Assume that $p$ and $q$ are distinct add primes such that $p-1\mid q-1$. If $\gcd(a,pq)=1$ ,show that: $$a^{q-1} \equiv 1 \pmod{pq}$$
I have tried as follows:
$$a^{q-1} \equiv 1 \pmod{q} \quad \text{and} \quad a^{p-1} \equiv 1 \pmod{p}$$
$$\implies a^{(q-1)(p-1)} \equiv 1 \pmod{q} \quad \text{and} \quad a^{(q-1)(p-1)} \equiv 1 \pmod{p}$$
$$\implies a^{(q-1)(p-1)} \equiv 1 \pmod{pq}$$
But then I am stuck – please help.
Best Answer
Remember that you are told that $p-1$ divides $q-1$. Note that you have not yet used this hypothesis. That suggests that you should really try to use it somehow.

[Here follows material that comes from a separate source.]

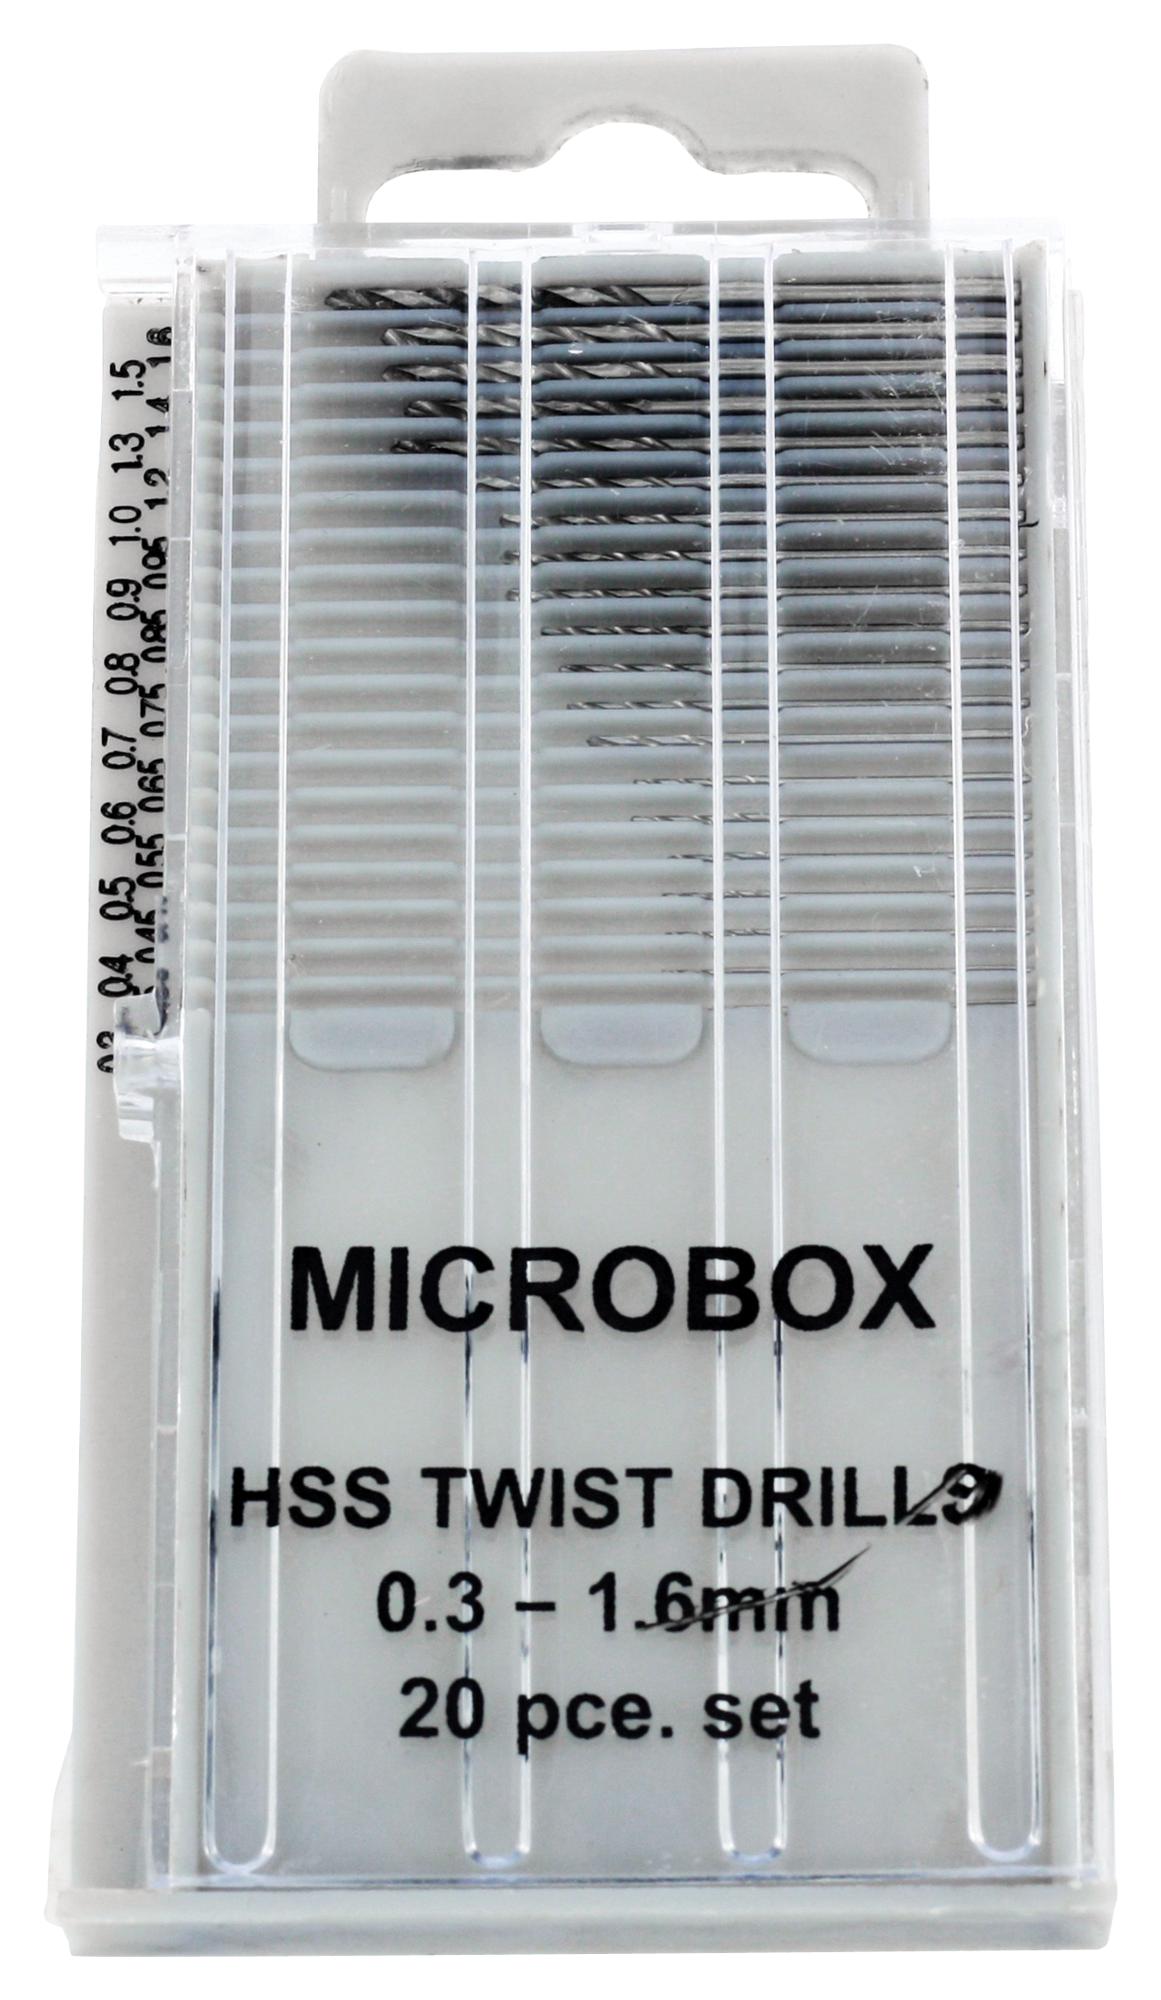 MP002109 MICROBOX DRILL BIT SET, 20PC, 0.3-1.6MM MULTICOMP PRO

Since $p-1$ divides $q-1$, then there exists $k$ such that $q-1 = k(p-1)$. That means that, since $a^{p-1}\equiv 1\pmod{p}$, then $$1 \equiv 1^k \equiv (a^{p-1})^k \equiv a^{(p-1)k} = a^{q-1}\pmod{p}.$$
So now you have $a^{q-1}\equiv 1\pmod{q}$ and $a^{q-1}\equiv 1\pmod{p}.$